Stay organized with collections
Save and categorize content based on your preferences.
This document describes how you can give different teams access to different
sets of projects. You can establish this kind of multi-tenant monitoring by
using metrics scopes in combination with
multiple instances of Grafana and multiple data source syncers.
You need to set up only one Grafana instance and one data source syncer
for each metrics scope, regardless of how many projects are
in the metrics scope or how many Google Cloud regions you use:
Queries to Monarch automatically expand to all projects within a
metrics scope, unless a project_id filter is included.
Queries execute across all regions unless a location filter is
included.
You don't need to change anything on the ingestion side to achieve
multi-tenant monitoring.
The following diagram illustrates a configuration for multi-tenant monitoring:
To set up and use a configuration like the one in the diagram, set up
your metrics scopes, Grafana instances, and data source syncers
as follows:
You want Dev team A to be able to read from and access Projects 1 and 2. To
set up this access, you do the following:
Put Project 1 and Project 2 into the metrics scope of
scoping_project_A.
Put a data source syncer in Project 1, and configure it
to use scoping_project_A. Give the syncer's service account
Monitoring Viewer permissions for scoping_project_A.
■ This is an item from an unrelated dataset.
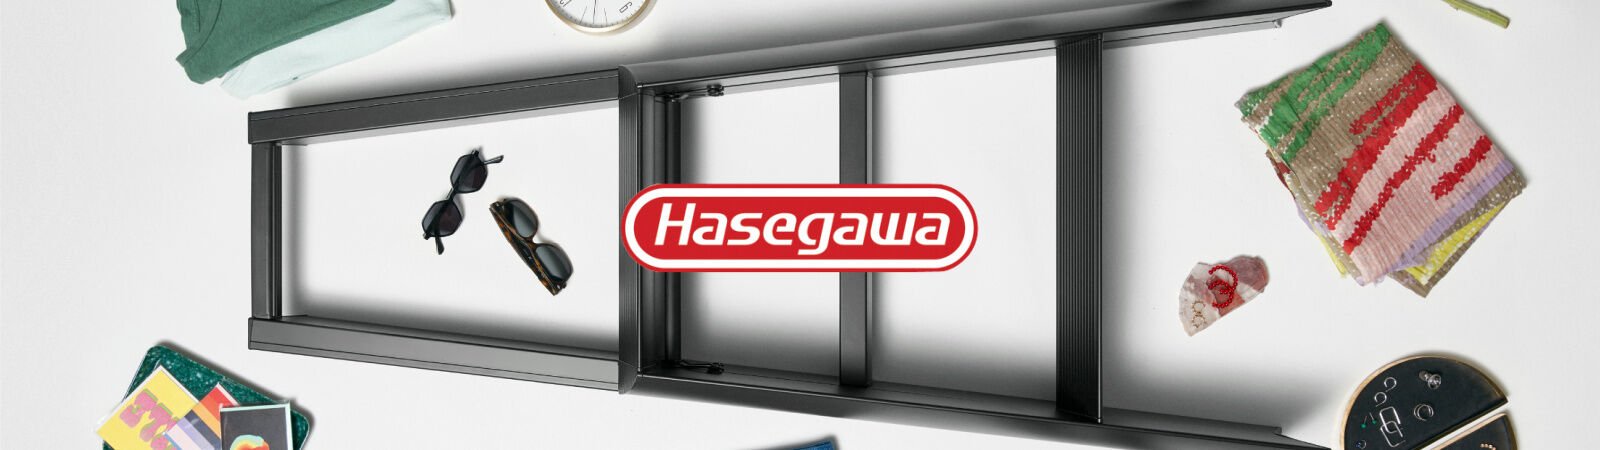 Hasegawa Ladders

When a user issues queries from the Grafana instance associated with this
data source syncer, Monarch expands scoping_project_A
into its constituent monitored projects and returns results for both
Project 1 and Project 2, across all Google Cloud regions. Because
the Grafana instance and data source syncer live within Project 1, only
users with access to Project 1 can query scoping_project_A.
You want Dev team B to be able to read from and access Projects 3 and 4. To
set up this access, you do the following:
Put Project 3 and Project 4 into the metrics scope of
scoping_project_B.
Put a data source syncer in Project 3, and configure it
to use scoping_project_B. Give the syncer's service account
Monitoring Viewer permissions for scoping_project_B.
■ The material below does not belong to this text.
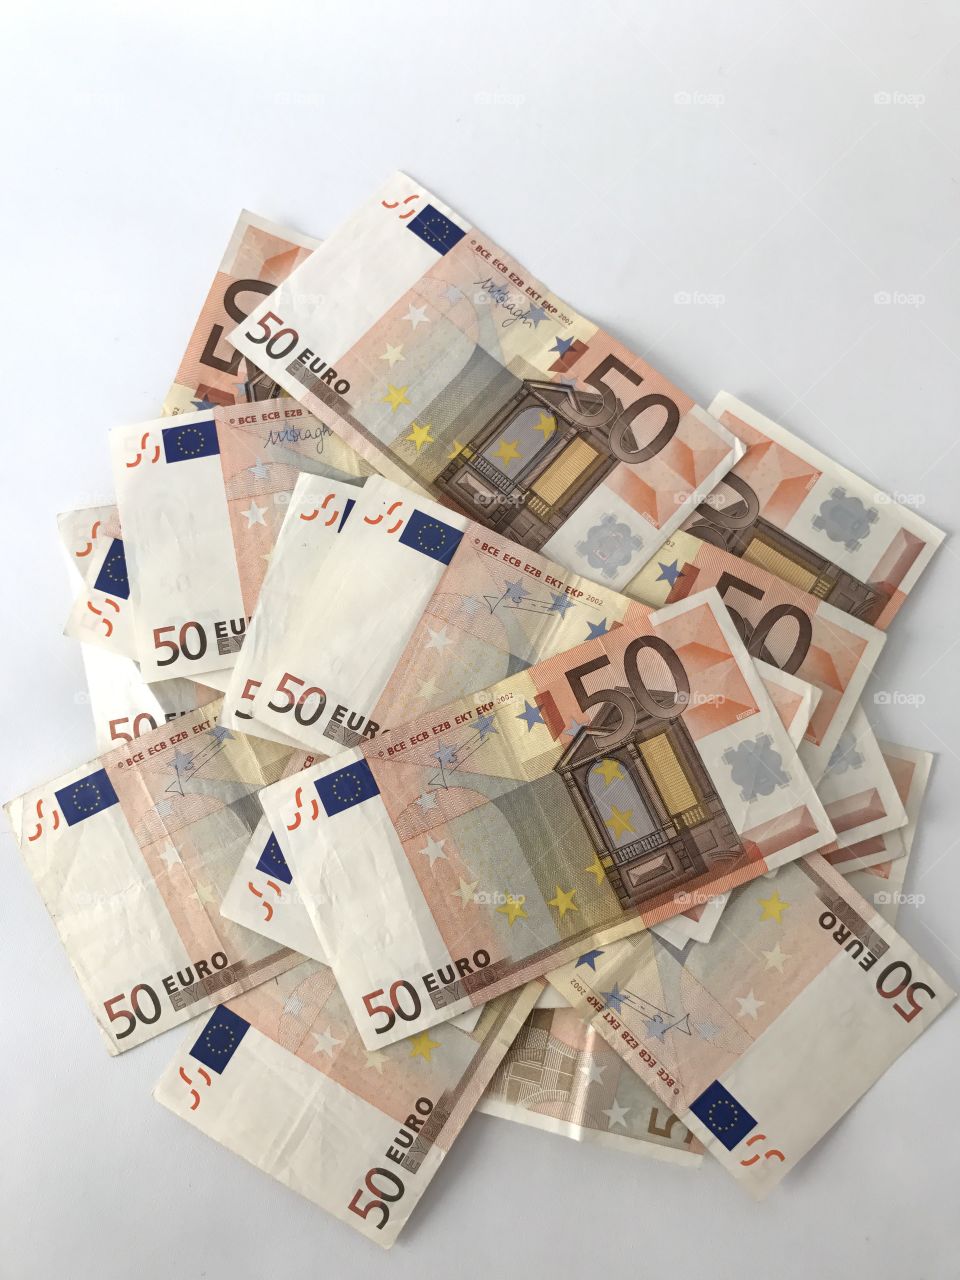 Money euro

When a user issues queries from the Grafana instance associated with this
data source syncer, Monarch expands scoping_project_B
into its constituent monitored projects and returns results for both
Project 3 and Project 4, across all Google Cloud regions. Because
the Grafana instance and data source syncer live within Project 3, only
users with access to Project 3 can query scoping_project_B.
You want the SRE team to be able to read from and access Projects 1, 2, 3, 4,
and 5. To set up this access, you do the following:
Put all the projects into the metrics scope of
scoping_project_C.
Put a data source syncer in Project 5, and configure it
to use scoping_project_C. Give the syncer's service account
Monitoring Viewer permissions for scoping_project_C.
When a user issues queries from the Grafana instance associated with this
data source syncer, Monarch expands scoping_project_C
into its constituent monitored projects and returns results for Projects
1, 2, 3, 4, and 5, across all Google Cloud regions. Because
the Grafana instance and data source syncer live within Project 5, only
users with access to Project 5 can query scoping_project_C.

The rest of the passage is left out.